昭和38年韓国政府から千鶴子に第18回光復節文化勲章国民章が授与される。昭和39年千鶴子は日本へ何十年ぶりかで帰国することになる。この日本帰国から韓国へ戻ってから千鶴子は体調を崩した、肺癌であった。昭和42年、大坂の博愛社との姉妹提携を結ぶ。その結縁式のあと千鶴子は再び倒れるのである。ソウルの病院に入院するが「梅干が食べたい」と言いながら意識を失う。昭和43年10月30日の誕生日に57歳で亡くなるのである。葬儀は市民葬で行われた。3万人の市民が参加したという。

 

紹介した日本人たち併合時代いずれも朝鮮人以上に当朝鮮を愛し、朝鮮と朝鮮人のために尽力した日本人ばかりだ。

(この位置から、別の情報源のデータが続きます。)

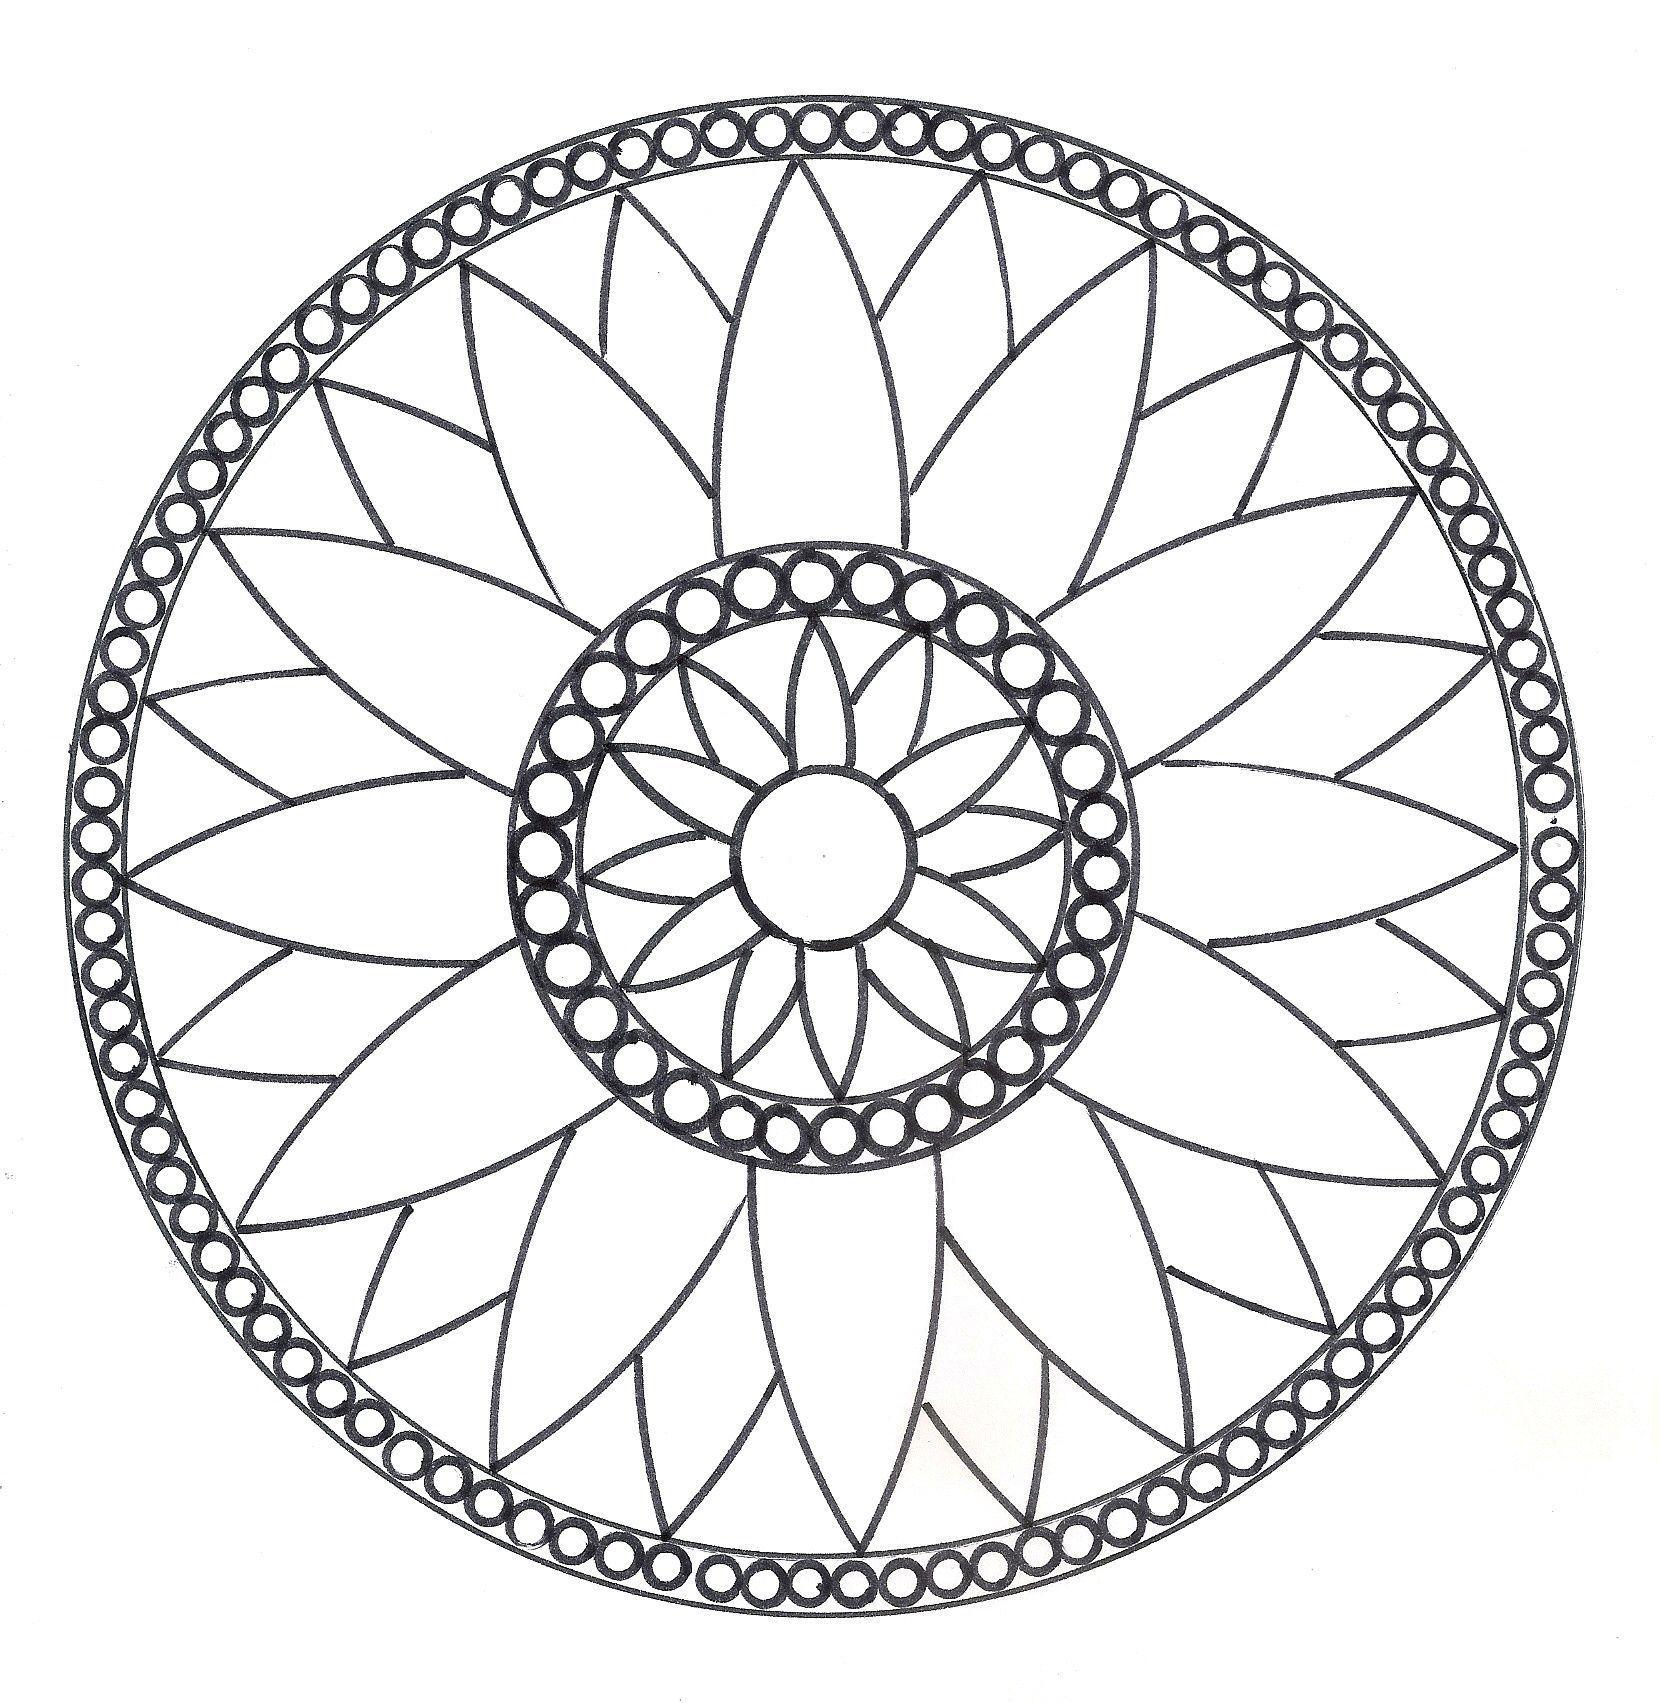 Mandalas - Rosace modèle n°1

共通して言えることは日本の敗戦と同時に日本人であるだけで大変な困難を経験した。

 

現在韓国は日帝強占下反民族行為真相糾明に関する特別法(2004年公布)や親日反民族行為者財産の国家帰属に関する特別法(2005年公布)によって併合当時の親日家を未だ卑しめている。このような行為は、本当に愚かだであるし、このような野蛮なことがこの21世紀に堂々とおこなられている民主主義国家というのはいかなる民族であろうかと世界中が軽蔑の眼で見ていると思う。